I don't have a really strong sense of my "identity" as a musician. I'm always sort of just open to new things and new ideas like that.


But I have limited time to create in a normal year. My band, Sweet Ghosts, will eat a certain percentage of the studio time each year. Then I have professional projects that will eat [another] percentage. I've been making electronic music for 20 years, and I've never finished an album or even followed a thread of it far enough to have an album's worth of stuff because I've never felt like I could prioritize.

Springing off that, what else helped motivate you to finally make an electronic LP?
About eight years ago, I [started] worked with artists that wanted me to incorporate electronic stuff to varying degrees in their records. I had all these professional reasons to work those chops up again. Then, about three years ago, I realized I need to really pursue it. This period has allowed me to sort of coalesce those things.
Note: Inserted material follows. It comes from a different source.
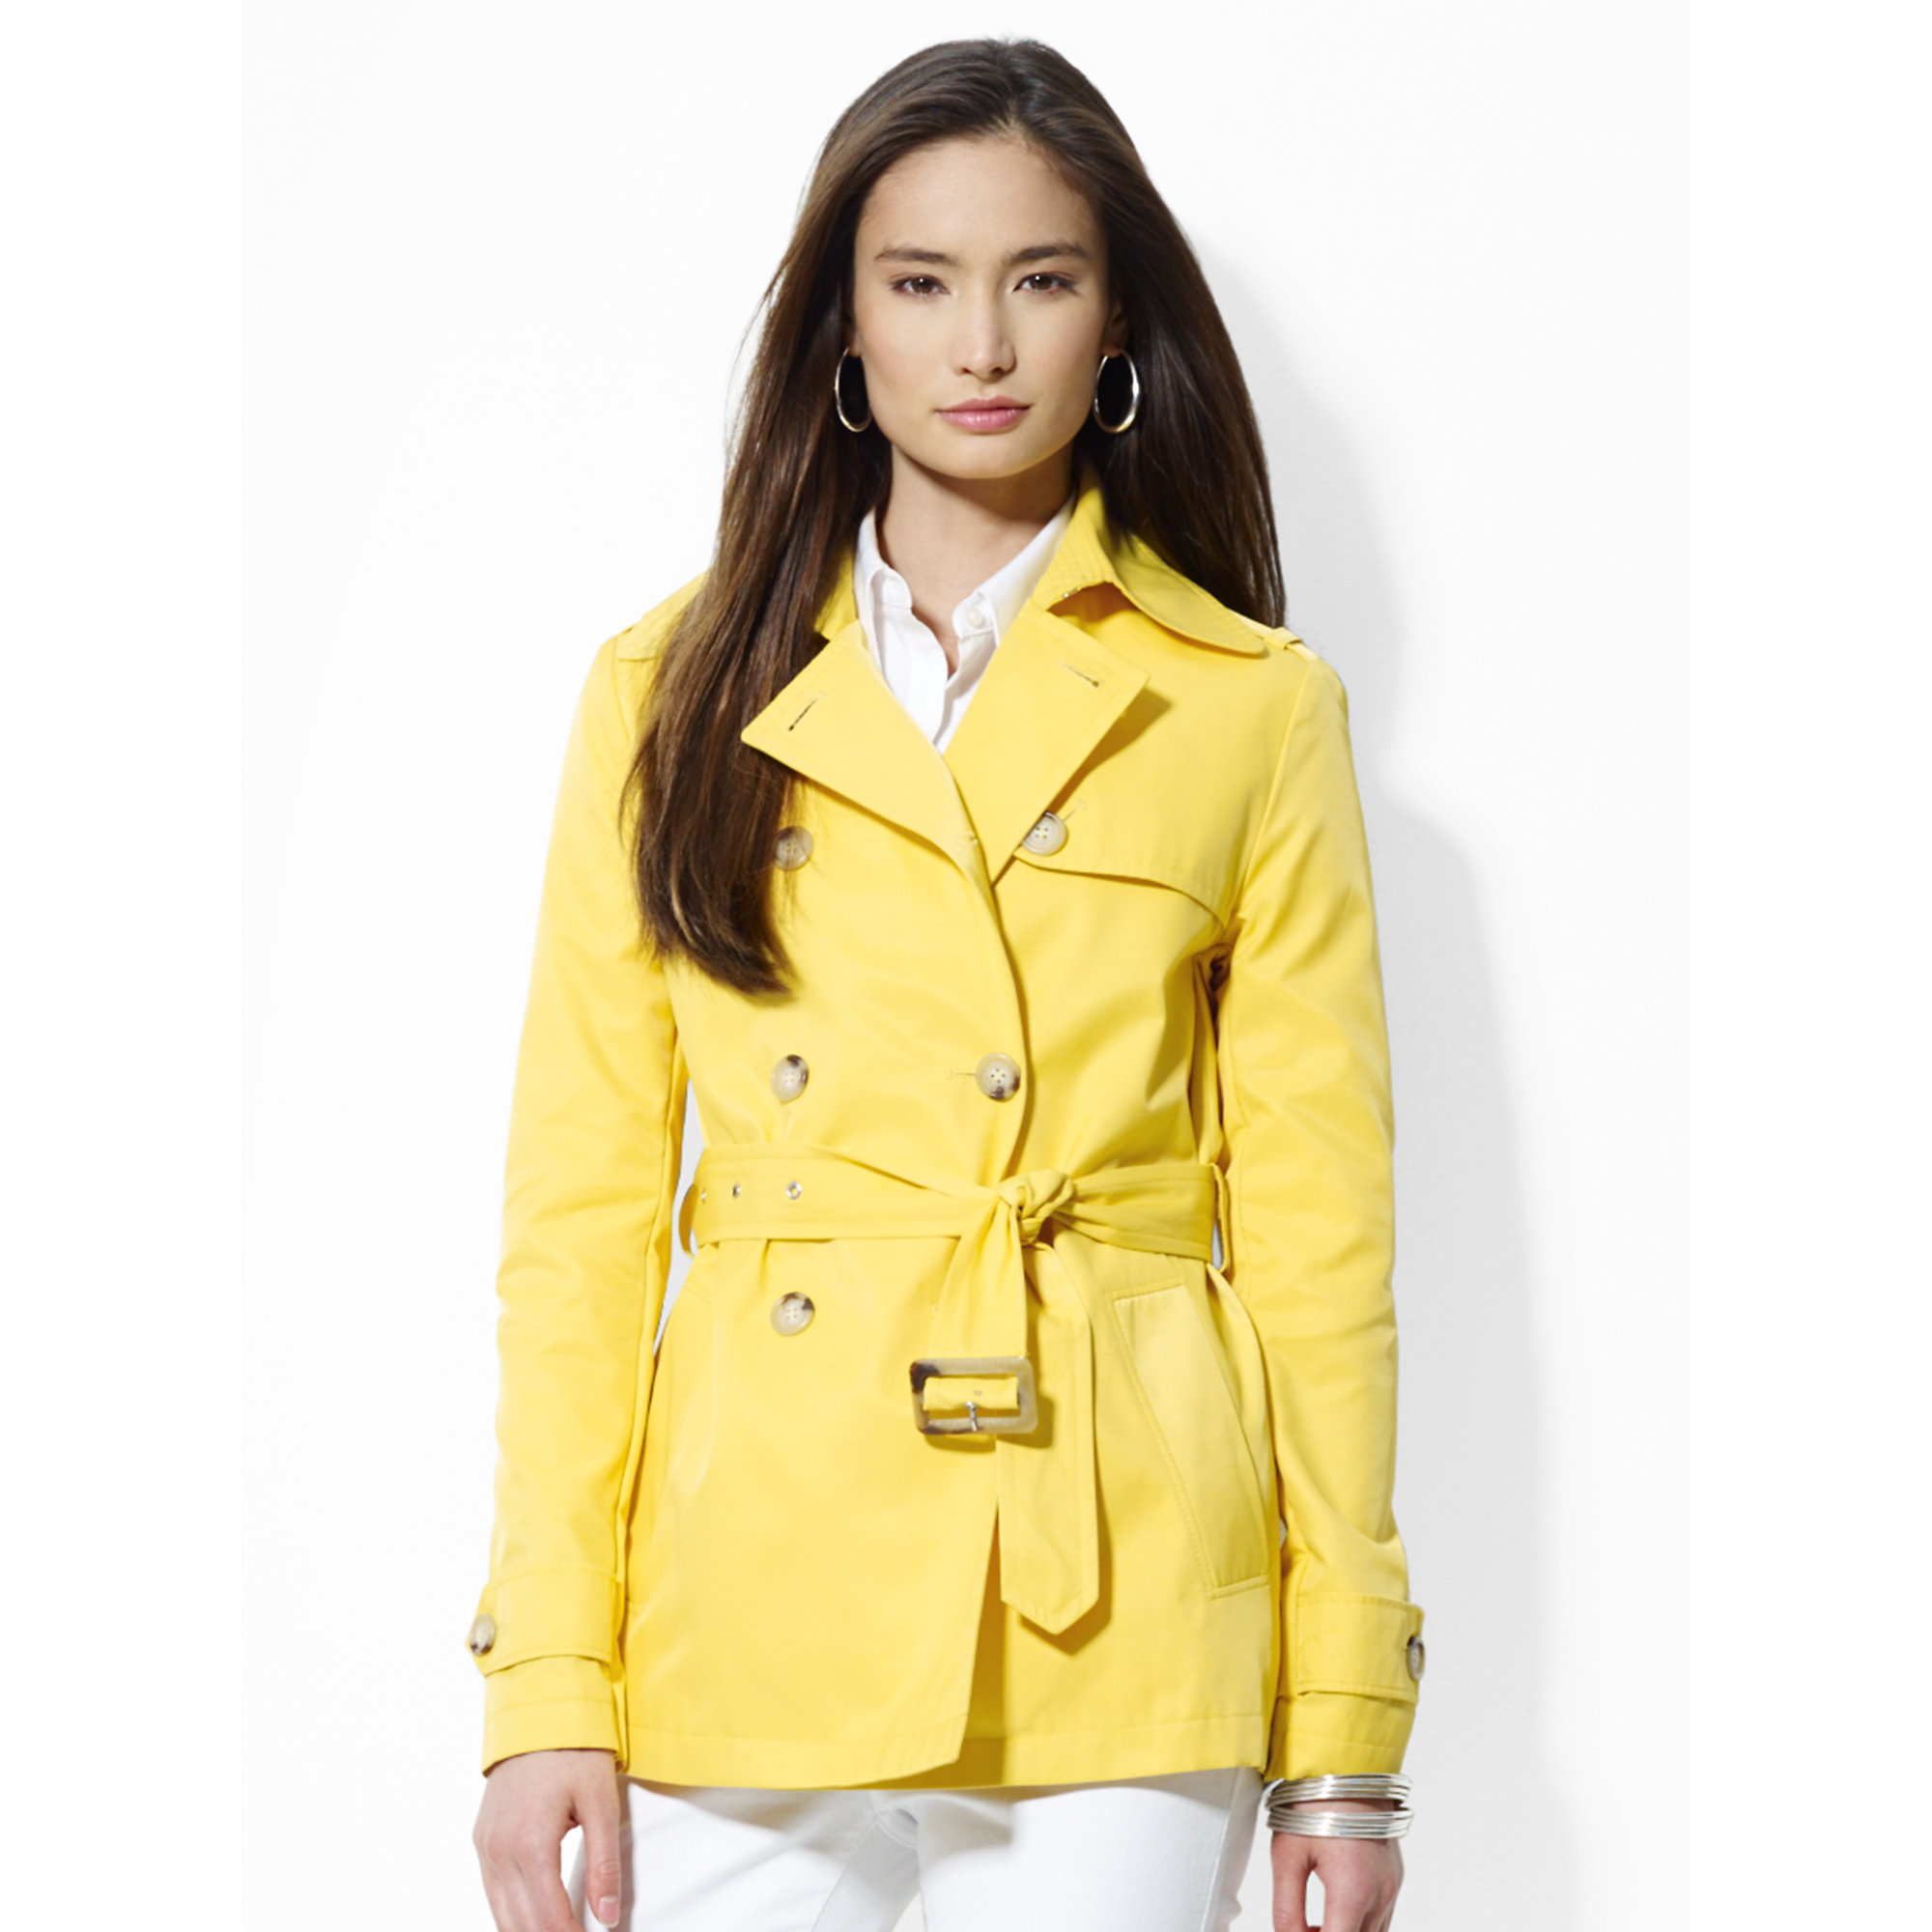 ralph lauren yellow raincoat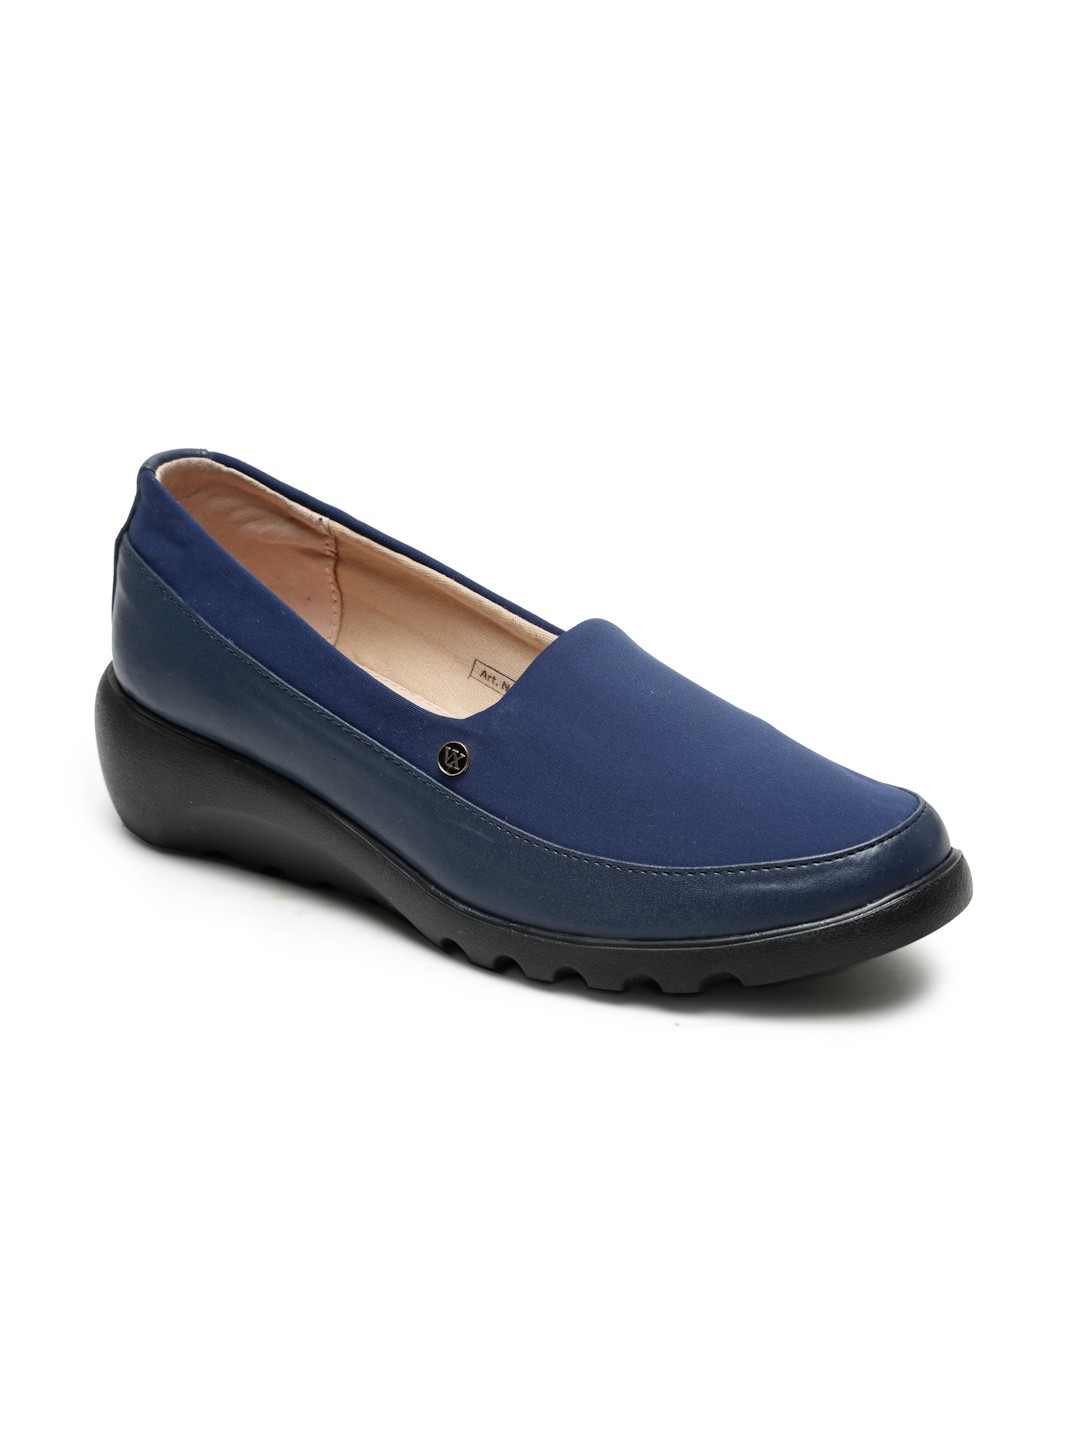 Buy Von Wellx Germany Comfort Women's Blue Casual Shoes Elsa Online in Varanasi

But also to try and find out, at least on a release-by-release basis, my voice, even if that contradicts what I said earlier about identity. Maybe it's a case of multiple identities. Maybe that's the framework.

There's a lot of warmth and energy on this album. What's your elevator pitch?
Over the last couple of years, I've been trying to use synthesizers in more of an instrument-like way. I feel like I hear nowadays kind of two poles for analog synth use: very gridded, explicitly mechanical stuff, like the Stranger Things soundtrack. On the other hand, there's acts like Snarky Puppy or Robert Glasper: people that will use mini-Moogs and play it like they're in Weather Report, which is awesome, but not necessarily harnessing the depth of sound design available these days.

I wanted to do something where instead of using these humongous synth sounds, where you play basically one melody with one sound and it takes up the whole frequency spectrum, I wanted to design small sounds that were like the size of an electric guitar of a flute or a trumpet and then combine them like an ensemble.

Do you have some idea of how you'll feel about this album down the road? Will this be your "COVID record" now and forever?
Like I said earlier, I have no framework for anticipating what I will think in that way. I can say, though, that I liked this [album]. I liked this music sooner than any other record I've ever made. Meaning that I always hate every record I'm working on as [I'm] finishing. Maybe not hate, but I think about what I'm failing to do and how it doesn't sound as good as the last Chemical Brothers record.

Then, six or seven months later, I come back and I'm like, "I kind of do like this," because it is what I aimed for. And with this one, I will say it is the fastest that I have come back, maybe just a couple weeks after it was mastered, and was like that that, "Hey, this song isn't so bad. Actually, I like that."